There were tubes and machines and beeping noises. There were curtains and antiseptic smells and monitors with green lights. I saw none of it. All I saw as I entered the room was my friend lying in the middle of all this horrible gadgetry.
Spoon looked so small in that bed. He looked small and as fragile as an injured bird.
Mrs. Spindel’s voice-Oh, I know it’s your fault-still echoed in my ears.
The doctor, a tall woman with her hair pulled back, put a hand on my shoulder. “Normally I would never allow it, but he’s so agitated. I need you to make this short and keep him calm.”
I nodded and slowly walked toward his bed. My legs felt rubbery. I stopped at one point because the tears were starting to come. I turned around, bit down hard on my lip, and gained enough composure. It wouldn’t help Spoon if he saw me hysterical.
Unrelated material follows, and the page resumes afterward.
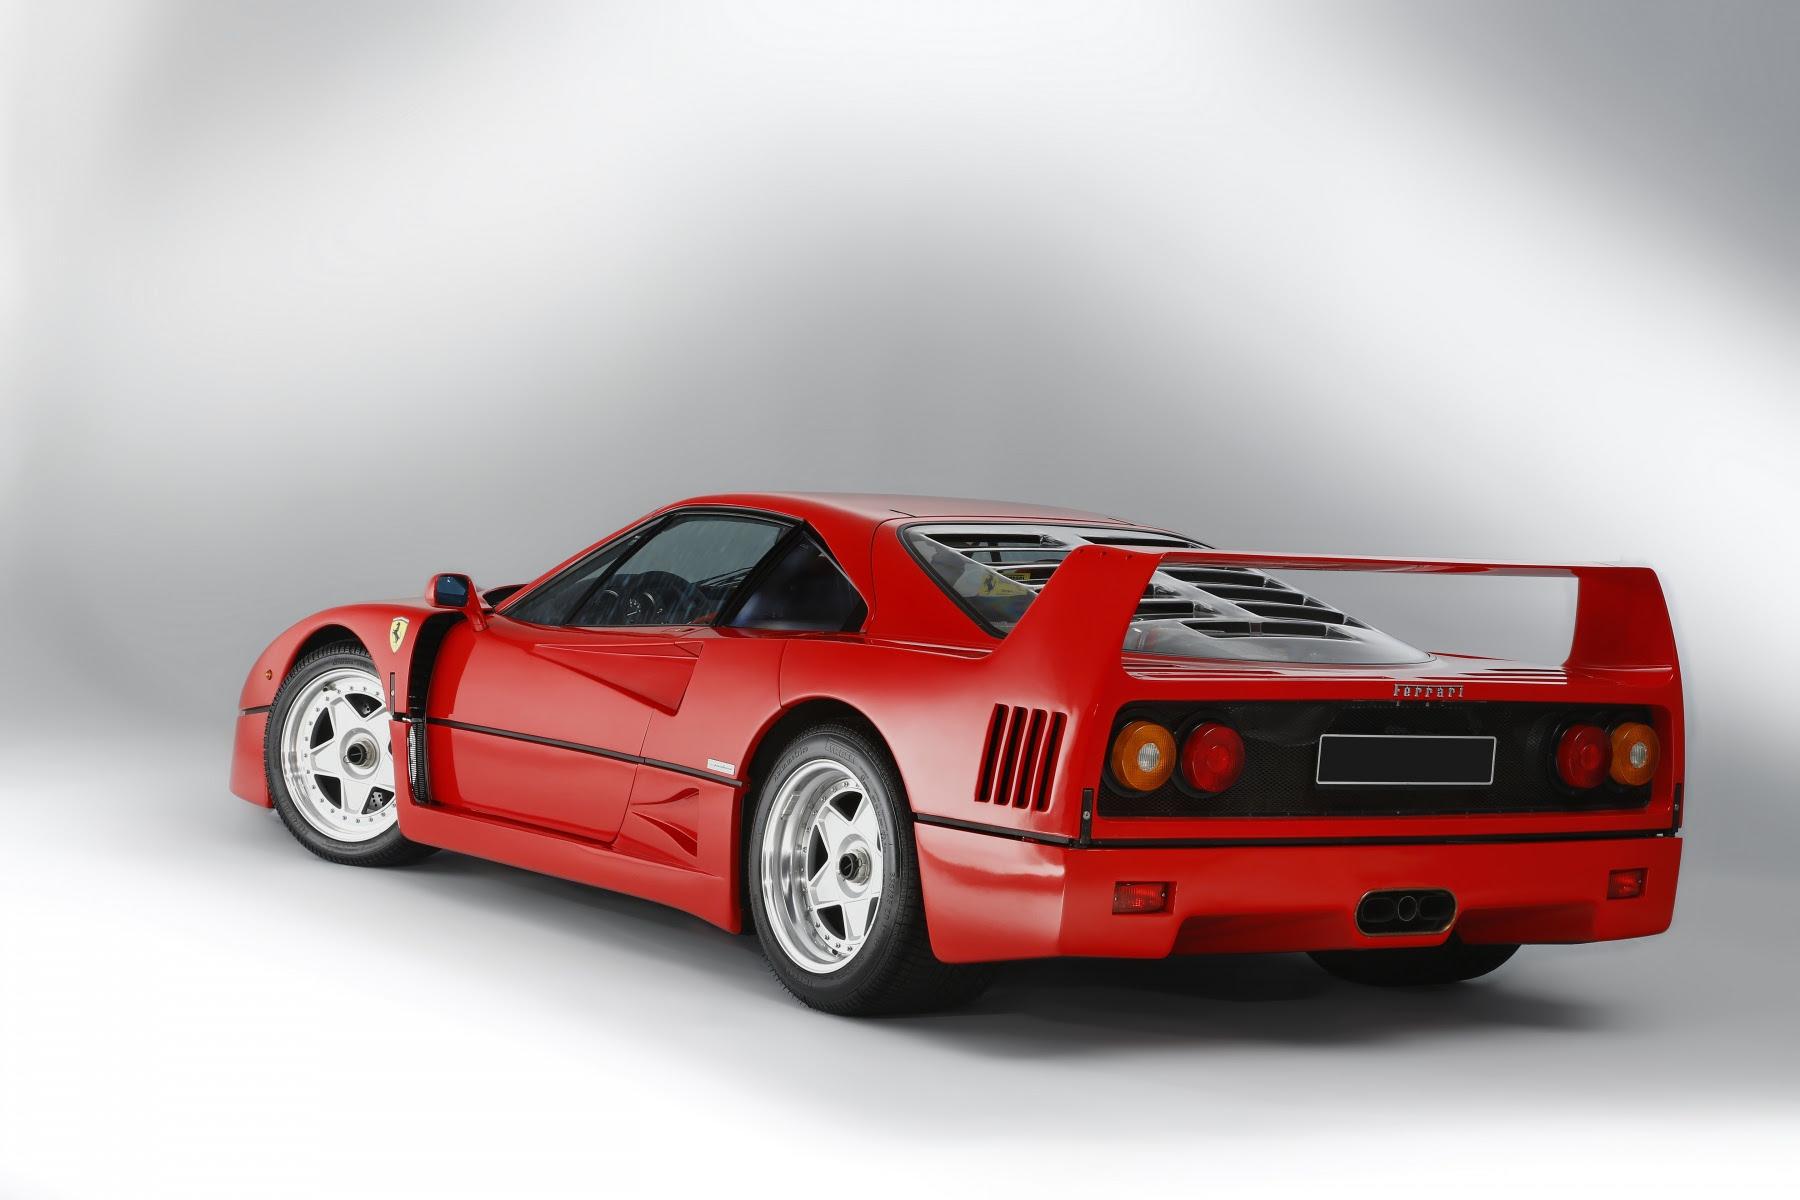 Ferrari F40 ex Pierluigi Martini (3)
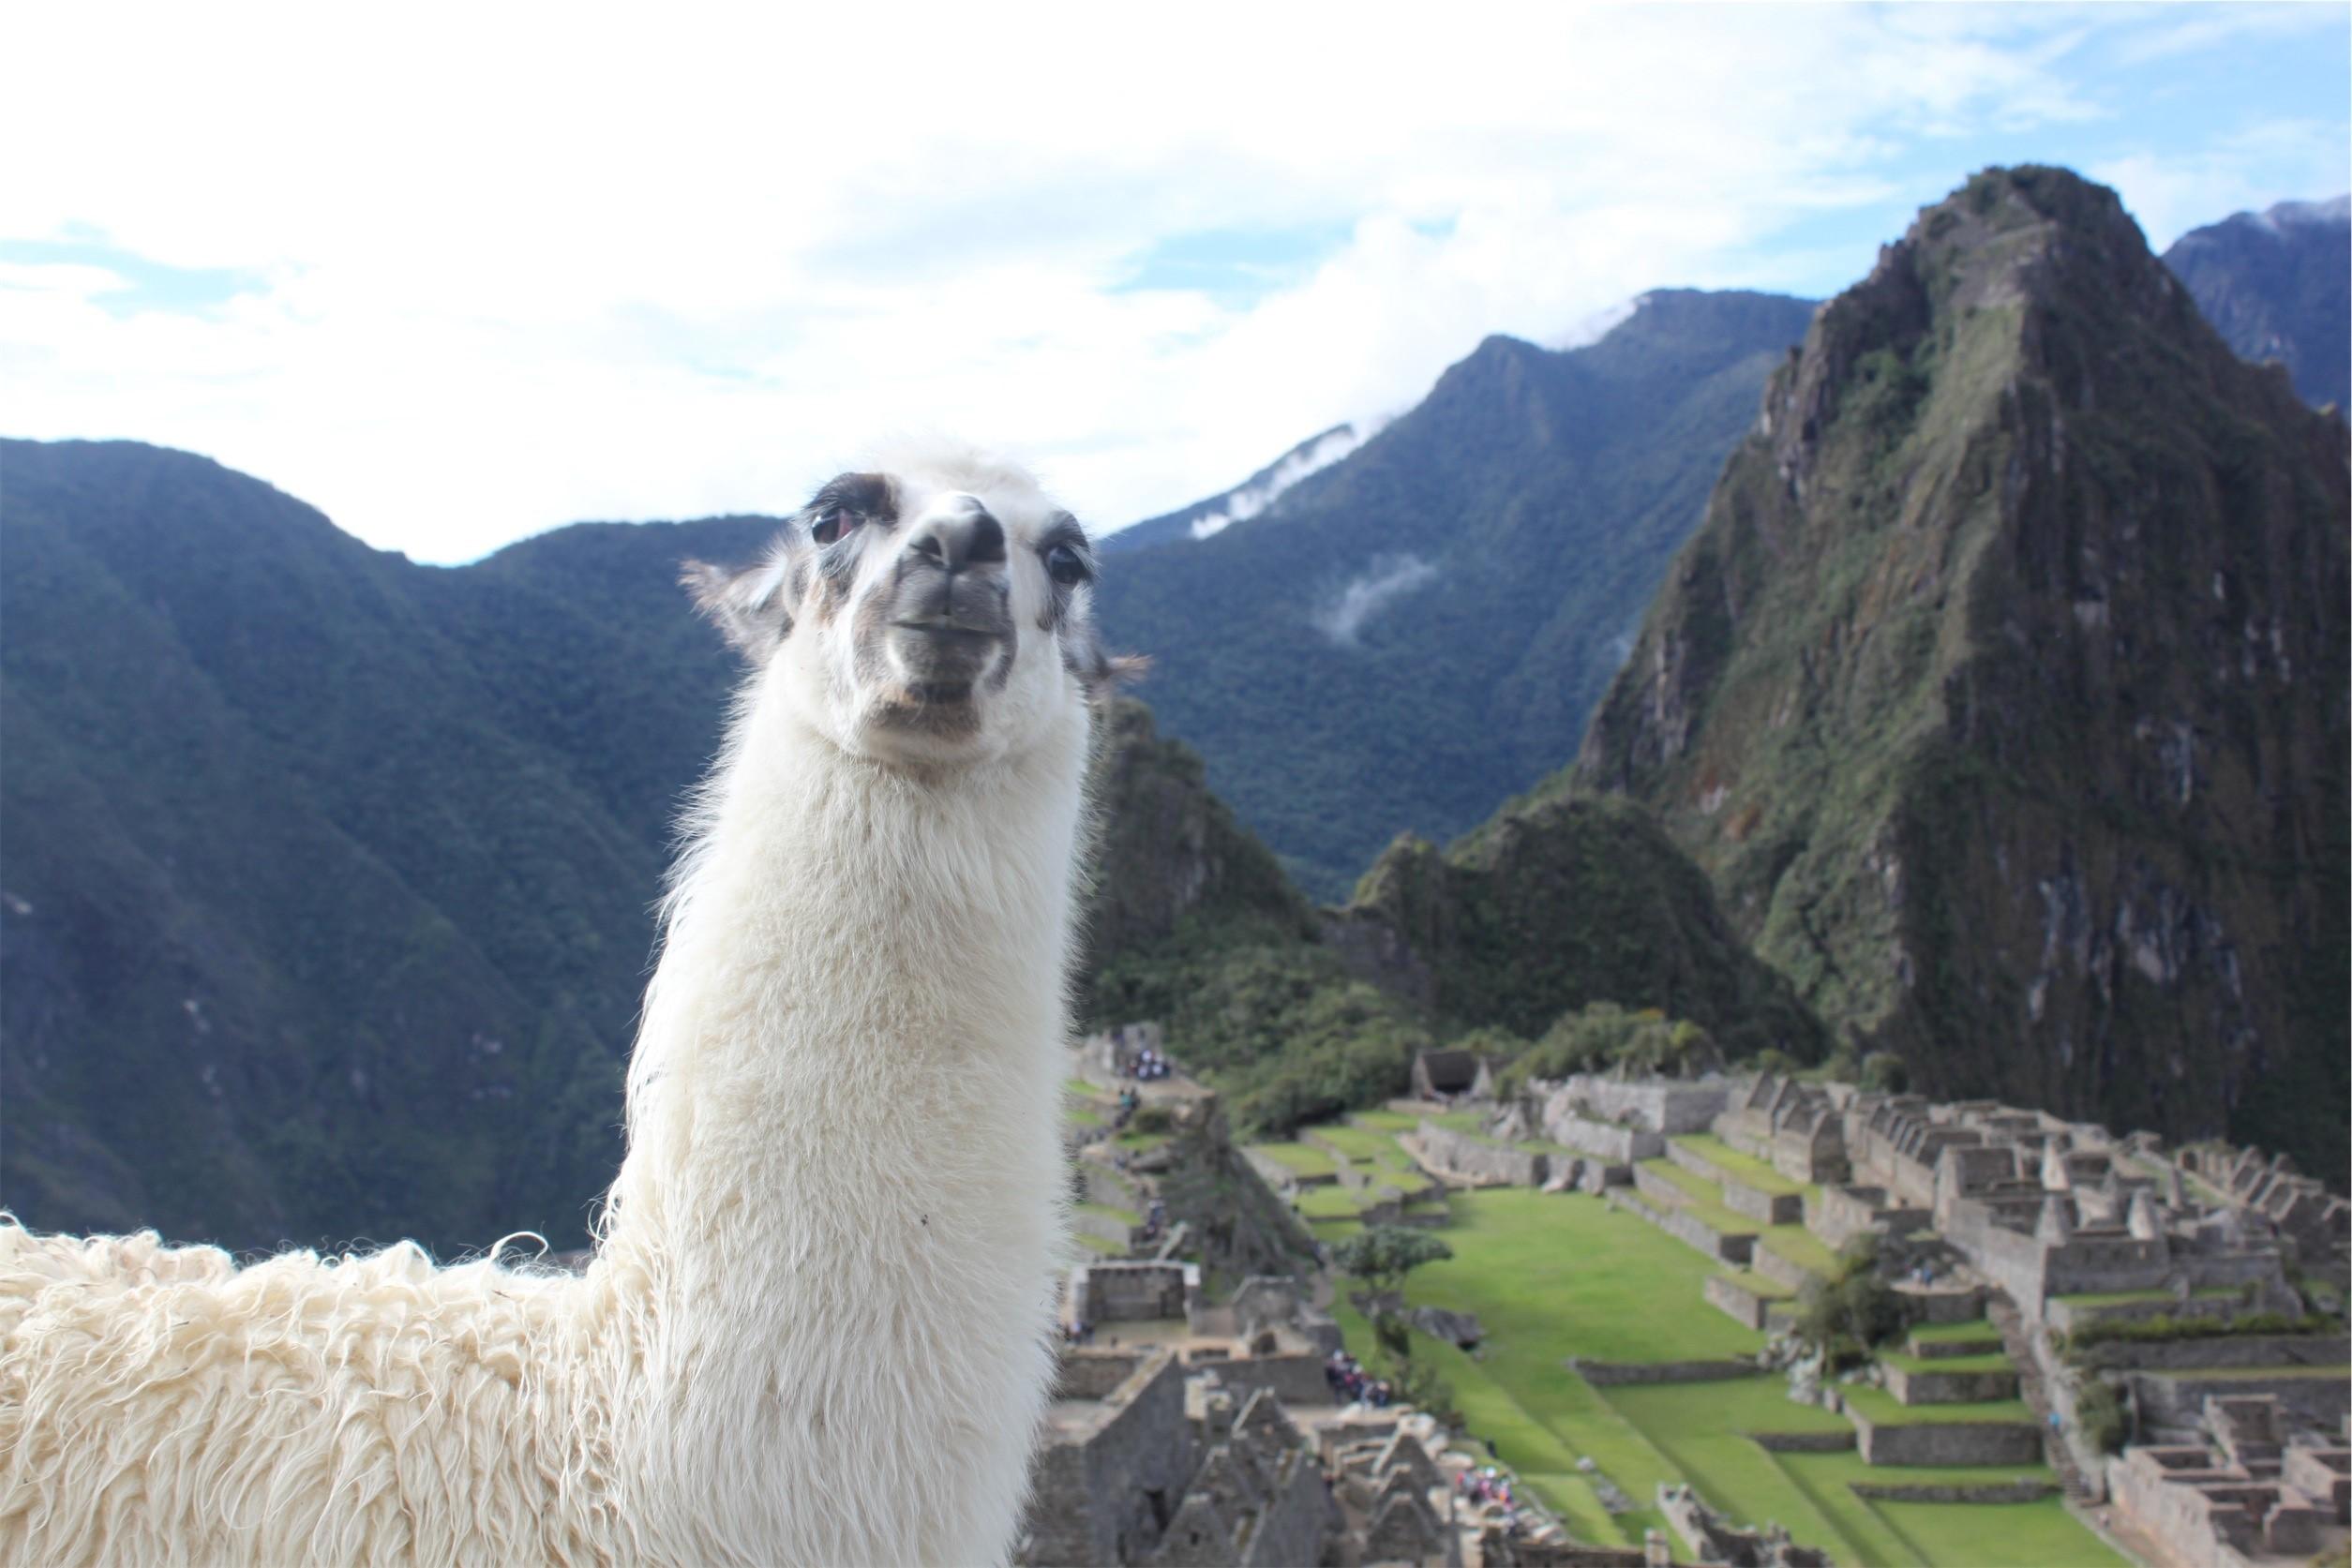 《ペルー小口債務者支援プロジェクトブログ第10弾》Kobranzas S.A.Cが行う金融教育から見るペルーの金融事情

To keep him calm, I knew that I needed to be calm.
When I got to the bed, I wanted to pick him up and take him home and make it somehow yesterday. It was all so wrong, my friend lying here in this hospital.
“Mickey?”
Spoon seemed suddenly to be straining to move. He looked distressed. I bent down low, close to him. “I’m right here.”
He lifted his hand and I took it in mine. He was struggling to talk.
“Shh,” I said. “Just get better, okay?”
He shook his head weakly. I bent my ear to be closer to his mouth. It took him a few seconds but eventually he said, “Rachel is still in danger.”
“No, Spoon. You saved us all. It’s over.”
Spoon’s face tightened. “No, it isn’t. You can’t sit here doing nothing. You have to save her. You can’t stop until we find the truth.”
“Calm down, okay? Those two guys shot her. They’re in jail.”
I saw a tear escape his eye. “They didn’t do it.”
“Of course they did.”
“No, listen to me. Get out of here and help her. Promise me.”
Spoon was getting more agitated. The doctor rushed over and said to me, “I think that’s enough. You should go wait in the other room.”
She started to add something into his intravenous tube, a sedative, I guessed. I tried to let go of Spoon’s hand, but his grip grew tighter.
“It’s going to be okay, Spoon.”
Nurses came to the bedside too. They tried to hold him down and pull me away.
“She was shot in her house,” Spoon managed to say.
“I know, Spoon. It’s okay. Calm down.”
But he suddenly had new strength in his arm. He pulled me close, desperate. “You said they asked you which house was Rachel’s. Remember? When you saw them that first time on the street?”
“Right, so?”
The doctor finished injecting the medication. The effect was immediate. Spoon’s grip grew slack. I was about to pull away but now-
That the Caldwell house?
– Scarface’s voice came back to me. Spoon looked up at me and managed to ask me the same question I was suddenly asking myself:
“So if those two guys had already been at the house, why would they ask you where it was?”